Copies of all lines containing the string "Obsidian" are needed from the data below.

> [Material provided]:
________________
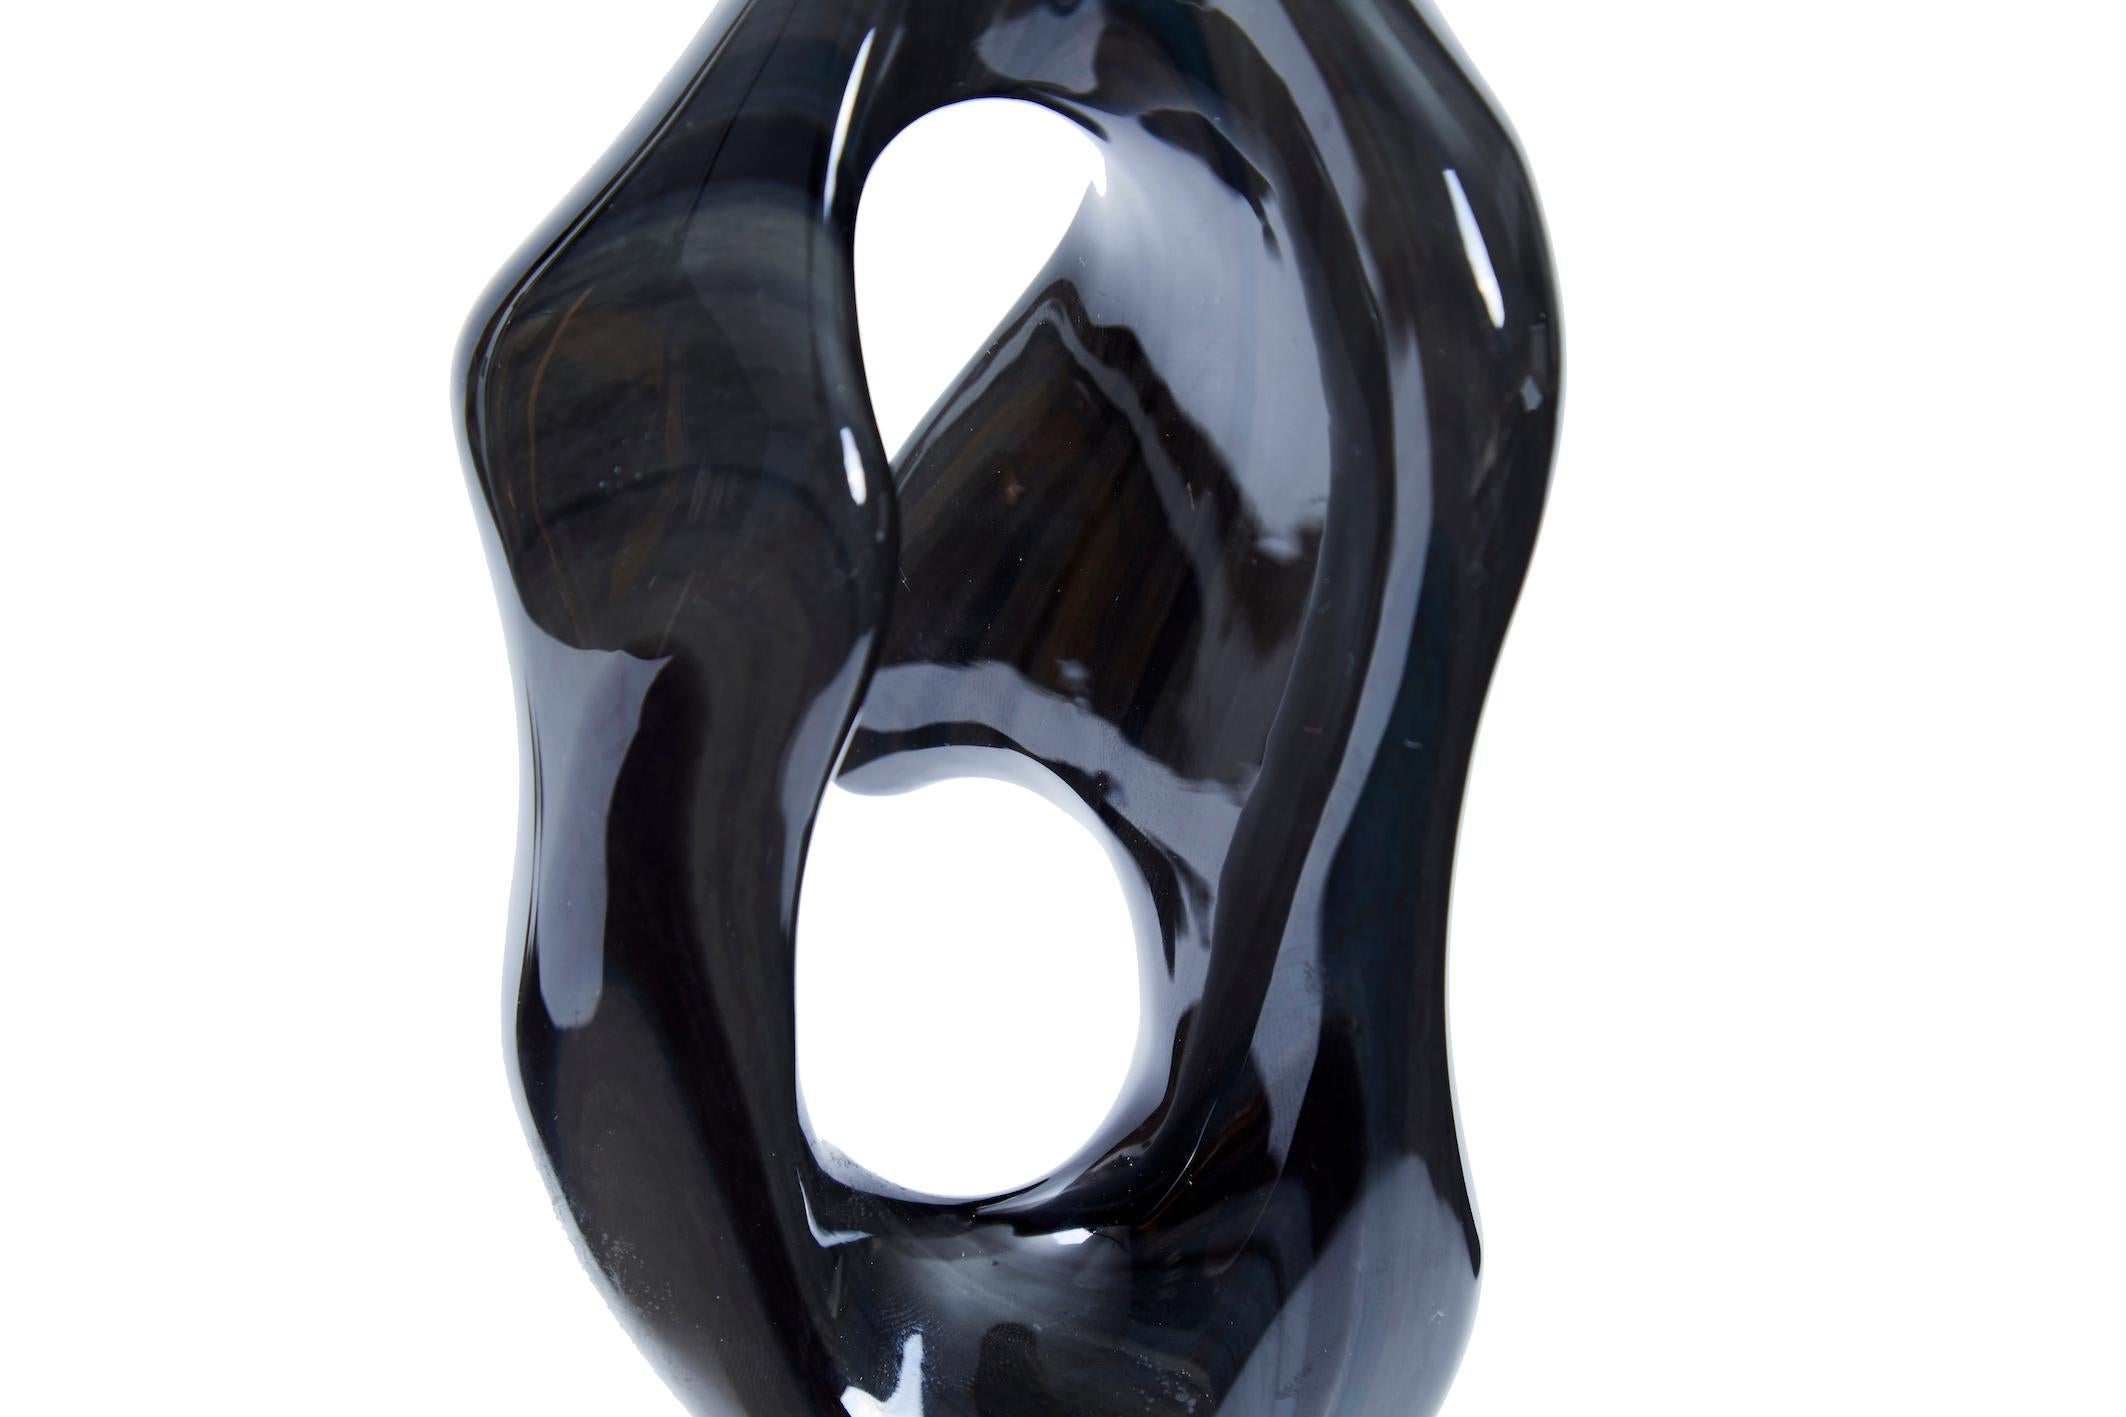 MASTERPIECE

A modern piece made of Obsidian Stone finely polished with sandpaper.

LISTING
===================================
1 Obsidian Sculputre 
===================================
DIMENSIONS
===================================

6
________________
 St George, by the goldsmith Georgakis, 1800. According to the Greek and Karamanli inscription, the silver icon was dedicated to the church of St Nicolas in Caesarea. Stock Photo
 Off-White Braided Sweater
________________
> [Task answer]:
A modern piece made of Obsidian Stone finely polished with sandpaper.
1 Obsidian Sculputre 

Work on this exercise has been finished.